SSX – Game Analysis & Review

SSX – Game Analysis & Review

By Patrick Newman





Developer:  EA Canada

Publisher:  EA Sports

Platforms:  PlayStation 3, Xbox 360

Release Date:  February 28, 2012

Genre: Sports (winter)

Modes:  Single-player, asynchronous multiplayer

Rating: E for Everyone



Bringing a much-needed kick of energy to console gaming’s dying extreme sports genre, SSX lives up to its expectations and then some. There hasn’t been an offering in this franchise since 2005 (with SSX On Tour), but this new installment for a new generation of gamers proves itself well worth the wait. Offering numerous, diverse playing environments with tons of complexity in terms of route and visual detail, the game is bursting at the seams with content that rewards multiple play-throughs. With an affable playing style that is easy to learn but difficult to master, SSX is a must-buy for anyone who appreciates console racing in all of its forms.


The story involves home snowboarding Team SSX racing around the world in order to conquer the nine Deadly Descents – the most deadly mountain ranges in the world. A former teammate named Griff has a head start on beating the mountains, and so it is a contest between the two snowboard-addicted parties to take the world record. The game contains its races in a presentation of impeccable visual polish and sound design. The mountain regions were based on real-life satellite surveys, and the soundtrack is thick with impeccably chosen music cues (Run DMC’s “Tricky” returns) that fade in and out seamlessly with the gameplay.


The maps traverse wildly contrasting snowscapes throughout the world, at locations such as Mount Kilamanjaro, the Great Wall of China, and the cliffs of Patagonia. SSX pulls off the incredible feat of maintaining a steady frame rate (a staple of its PlayStation 2 predecessor) while also capturing photo-realistic weather conditions like snow flurries and sunlight, even while snowboarding across the map at racing speed. Though some of the cartoonish design elements of previous games have been upgraded to a more realistic standard, you’ll still be able to do tricks off of a low-gliding helicopter or grind on the Alaskan pipelines.



Success while playing the game, as always, depends upon the ability to pull off as many tricks as possible, even during racing mode, and it is here that the intuitive control scheme comes in handy the most. An accumulation of trick points causes the player’s boost level to rise, giving terrain-savvier racers the edge. Also to that end, every course is well-stocked with alternate racing routes, which not only put racers ahead of the game via hidden canyons and tunnels, but sometimes saves them from the harsher elements of the map’s terrain (avalanches, suffocating heights and jagged obstructions constantly thwart your advance).
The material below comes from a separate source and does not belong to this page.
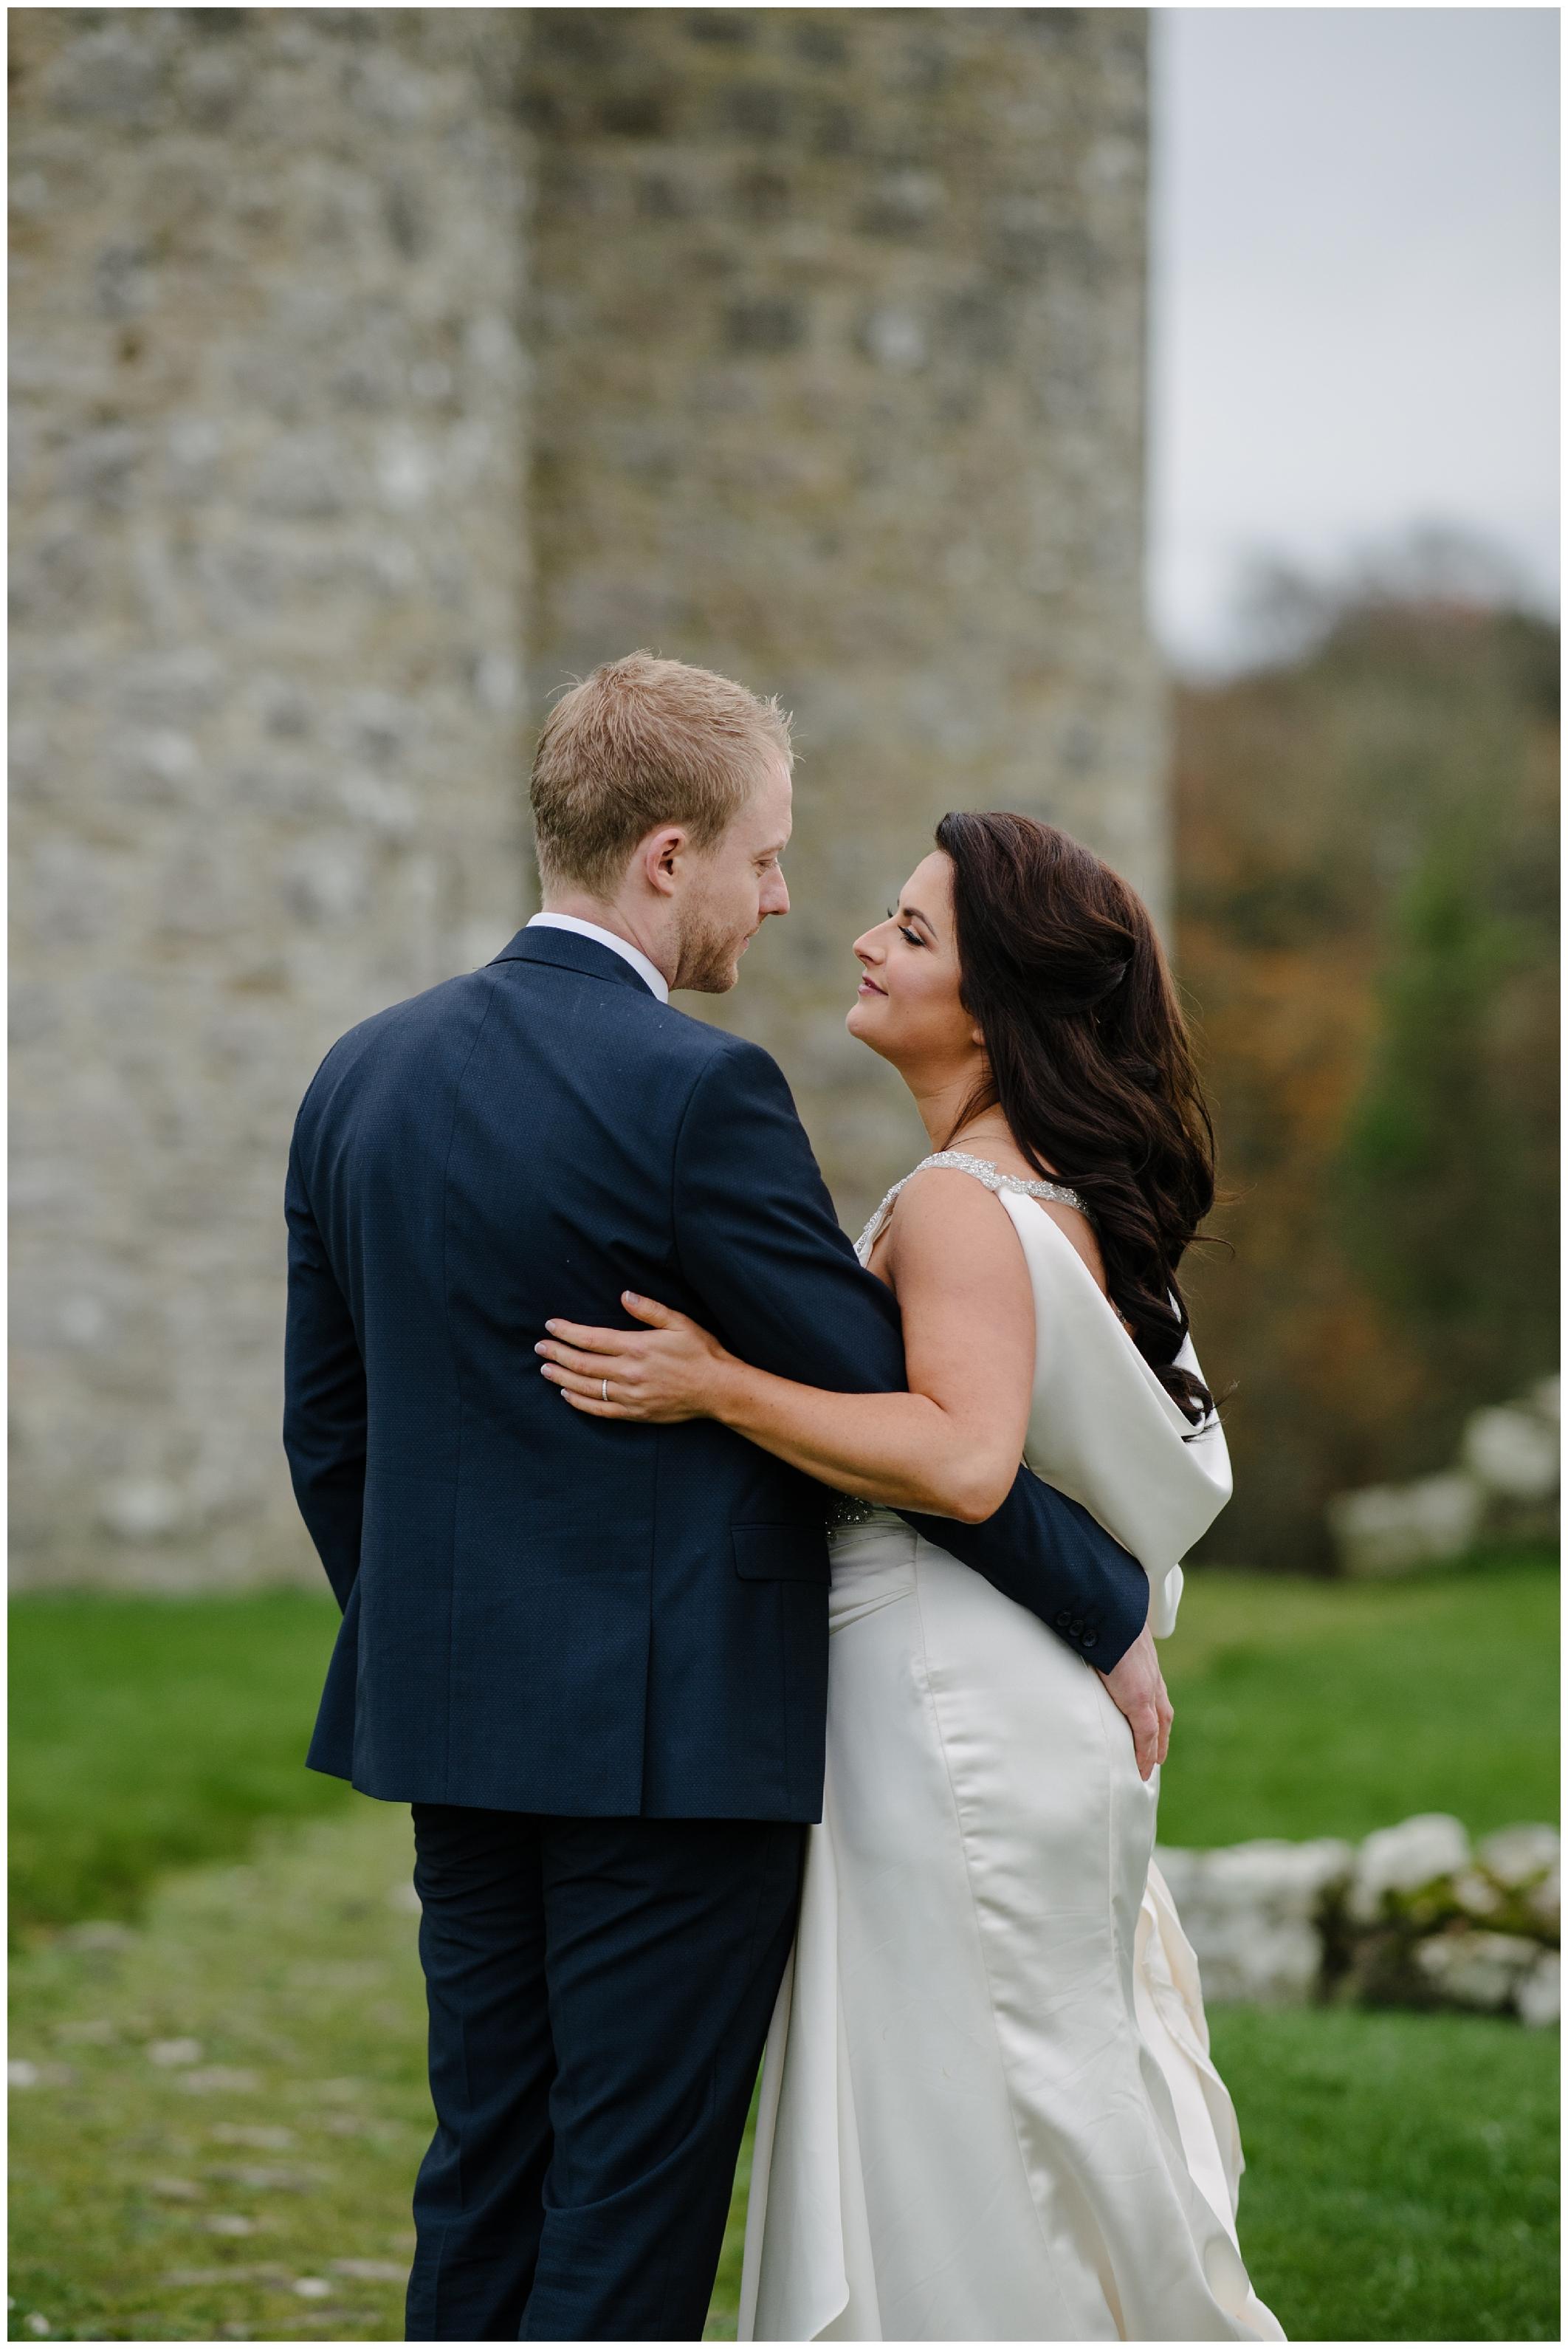 tracey_conor__wedding_jude_browne_photography_0045.jpg
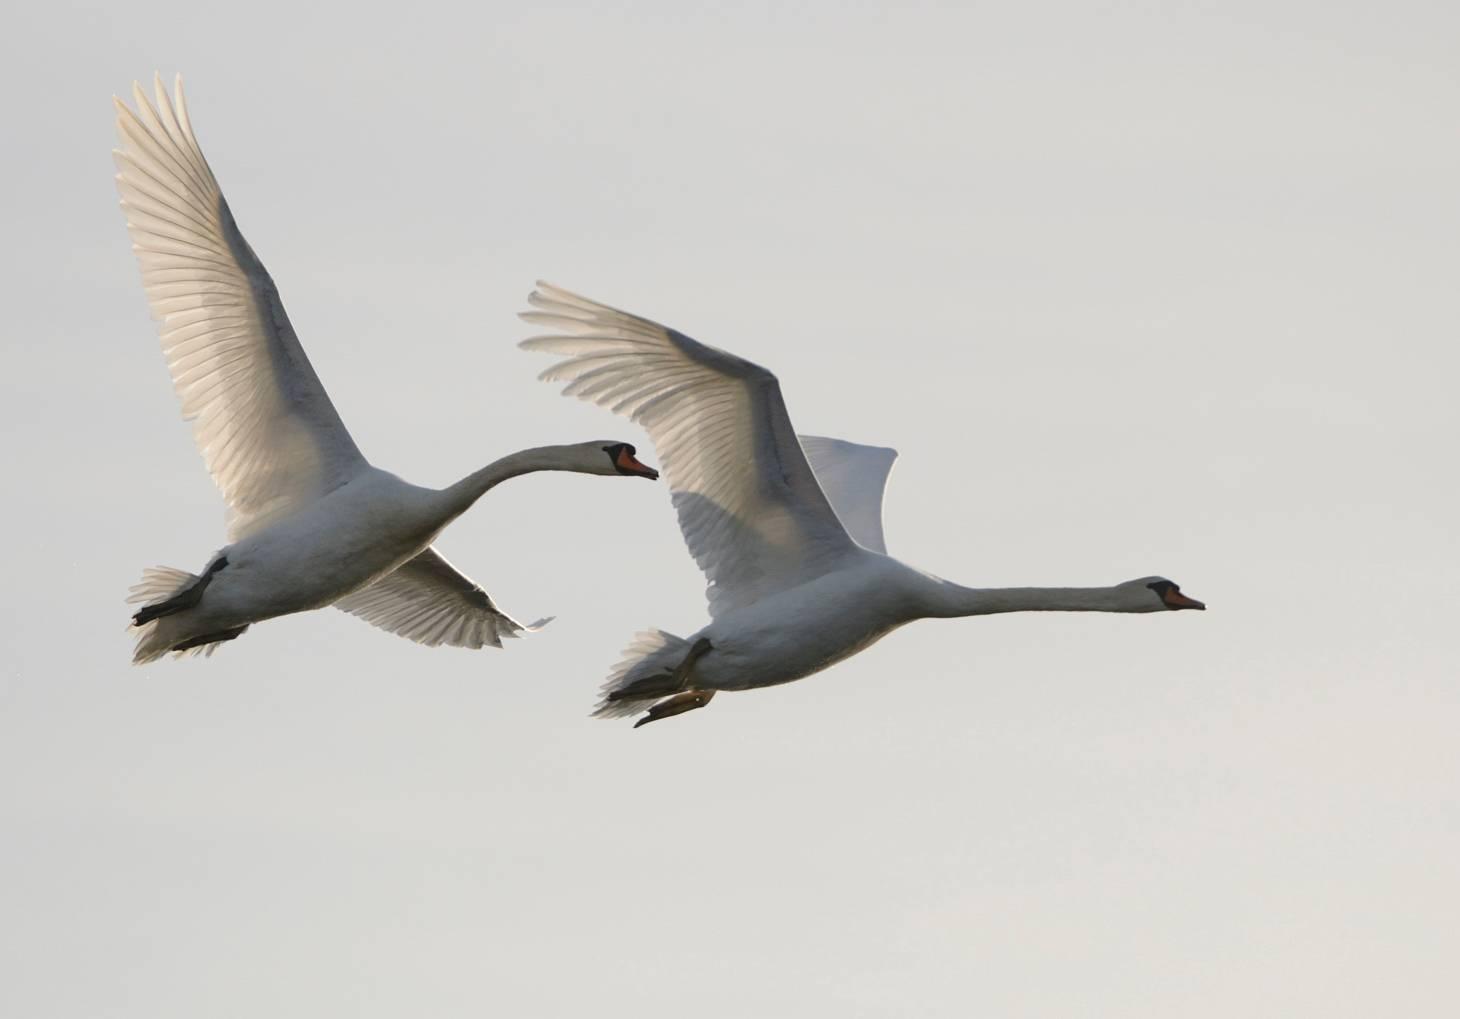 Cygnes - Swans

The newest addition to SSX’s large stable of modes is Survive It, which rewards players’ ability to race the Deadly Descent challenges without faltering or dying. Among its many perks is a wing-suit drop on Patagonia’s Fitz Roy, which turns the racer into a giant flying squirrel, of sorts\. World Tour mode is the best way for gamers to familiarize themselves with the environments before diving into multiplayer mode, which, despite its lack of local racing options, is vast and highly enjoyable. Built on the same Autolog feature so successfully used in Need for Speed, the real-time (no lobbies) multiplayer mode allows up to 500 people to compete over the same mountain in global events.


The once-essential SSX series has been out of the limelight for 7 years, and now that the game has seen release, we can see that the absence has clearly been used to refine an already impressive racer into something extraordinary. With peerless mountain ranges, an eclectic soundtrack and enjoyably over-the-top gaming mechanics, SSX has surpassed expectations to ace any previous entry in the genre.